If \(P(A) = 0.4\), \(P(B) = 0.7\), and \(P(A \cap B) = 0.2\), what is the value of \(P(A \cup B)\)
(I'm lost pls help)

Answer 1

I know the answer of the question but I need to know how to solve it.

Answer 2

hold on

Answer 3

addition rule of probability as so you would take A and B and do A+B as of which it doesn't matter what numbers u put in those spots all we care about is subtracting the other number, so if 0.7+0.4 is what we have then we will minus it by 0.2 so in turn we have 0.7+0.4-0.2 which equals 0.9

Answer 4

if not am stumped

Answer 5

here's what Google has to say:

To find the value of \(P(A \cup B)\), you use the Addition Rule for probability.

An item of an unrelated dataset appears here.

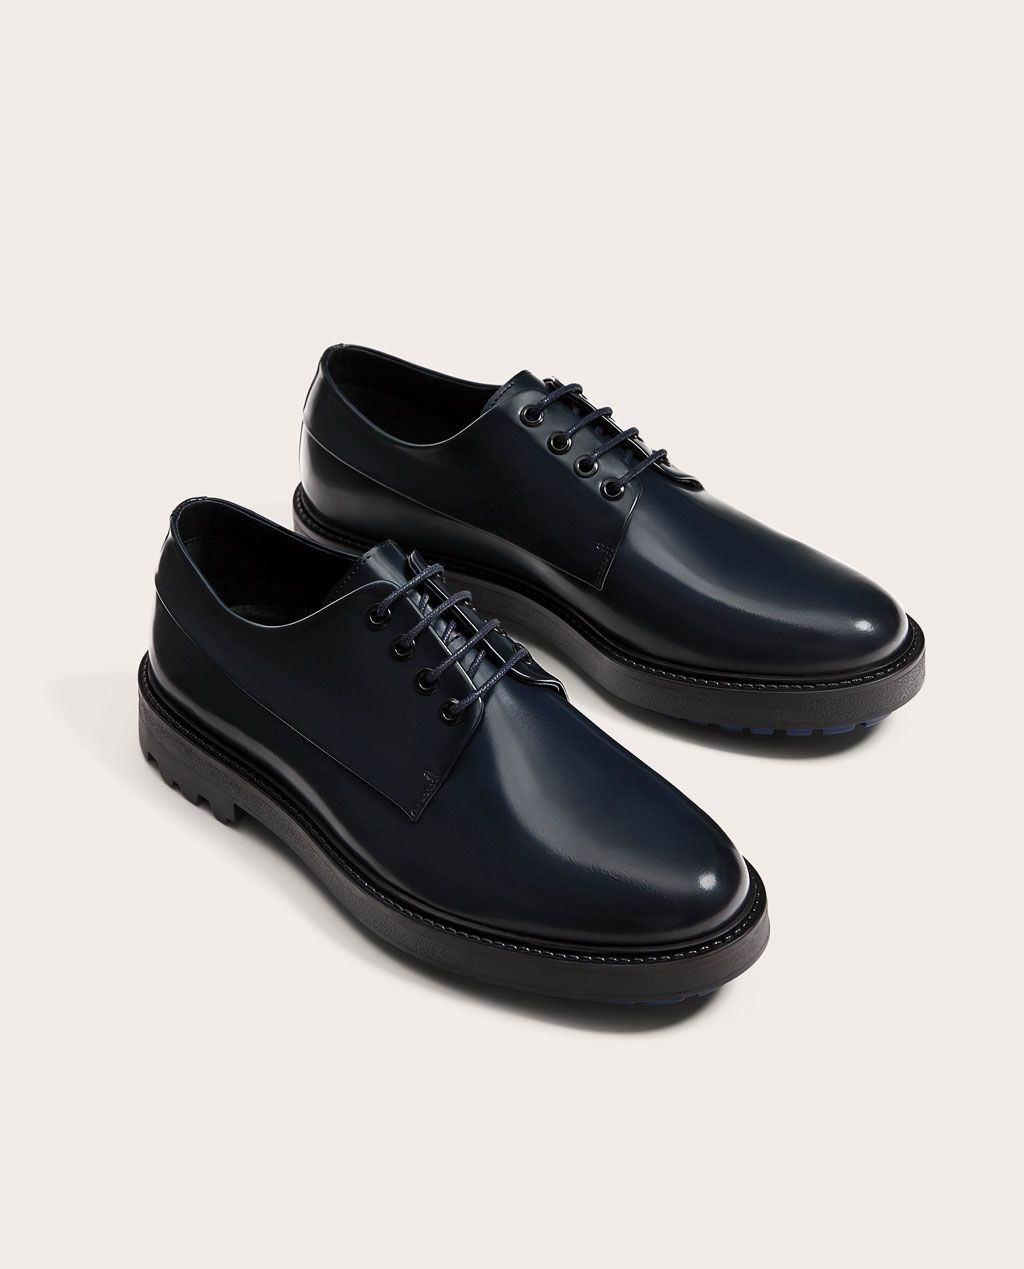 Hommes Chaussures En Cuir - Chaussures Lacets Homme Bleu Peau Autre Bleu, Bleu, Taille 40 Eu

The Formula:\(P(A\cup B)=P(A)+P(B)-P(A\cap B)\)

The Calculation:Plug in your values: \(0.4 + 0.7 - 0.2\)
Add the individual probabilities: \(0.4 + 0.7 = 1.1\)
Subtract the intersection: \(1.1 - 0.2 = 0.9\)The value of \(P(A \cup B)\) is 0.9.


Why do we subtract \(P(A \cap B)\)?

Think of it like two overlapping circles in a Venn diagram:When you add \(P(A)\) and \(P(B)\) together, you are counting the area where they overlap (the intersection) twice.To get the correct total area (the union), you have to subtract that overlap once so it's only counted once.

Answer 6

P(a) + P(b) - P(a and b) = p(a or b)

p(a and b) represents the overlap where both events are true, which means we don't want to add that to our total probability if we just want the chance of one event happening at a time.